Analytics for Central Versus Distributed Control

Some sophisticated analytic functions require data from the entire system. It makes sense to implement those functions in a central computer, whether this computer is local or in the cloud. To search for new patterns, it is best to start with a large sample of trends pulled from multiple parts of the system. Looking for correlation between random streams of data is not an automatic search performed by the computer. These are performed as guided searches, using rules developed by an operator who understands how the system should operate by looking for anomalies that might indicate a problem. The rules might compare the performances of identical chillers when operating with similar loads. If one chiller consistently outperforms the other, that might indicate a problem. It would take additional searches with additional rules to determine the exact nature of the problem, but a central analytics system makes it easy to conduct these additional searches.

There is a contrasting case for analytics when you are setting up rules to detect common problems in a single piece of equipment.  These rules essentially implement logical comparisons, which a knowledgeable operator would use to detect pending failures or the need for maintenance on particular equipment or subsystems. In this case, it makes sense to implement algorithms at the level at which the data is available.  Analytics intrinsic to the BAS system have an advantage in distributed control scenarios.

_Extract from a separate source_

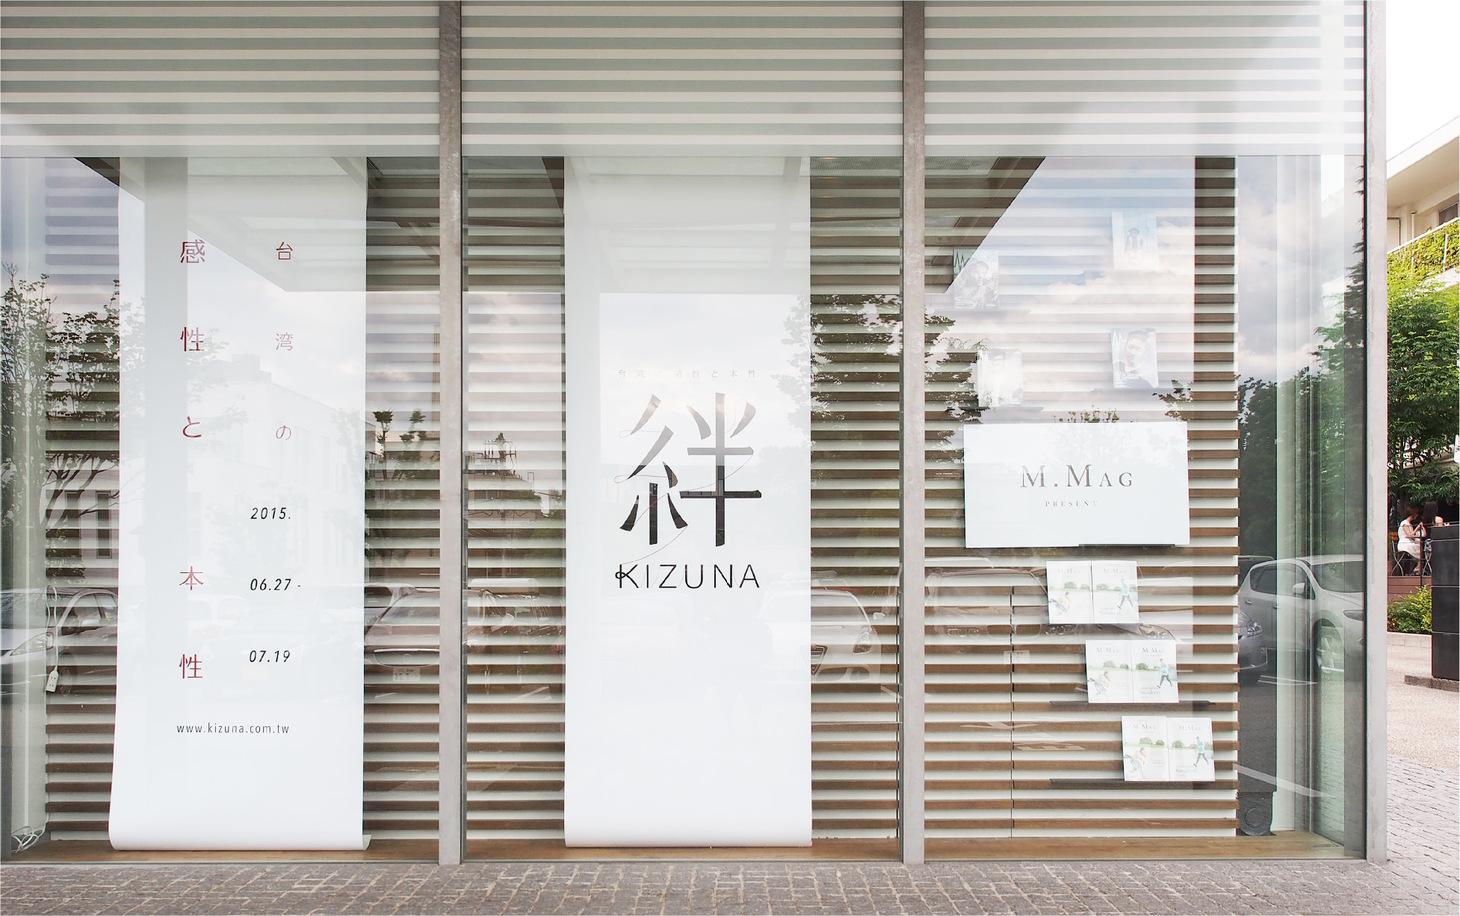 kizuna_02.jpg

Don’t overlook the fact that the user interface itself can be a powerful analysis tool.  It has often been said that “a picture is worth a thousand words,” and the user interface provides trend graphs, summary graphics and other visuals that help the user see what is happening with their system.  These can be particularly useful when combined with rule-based analytics, as the rules can tell the user that something is wrong with a particular piece of equipment and the user interface can help the user zero in on the specific problem.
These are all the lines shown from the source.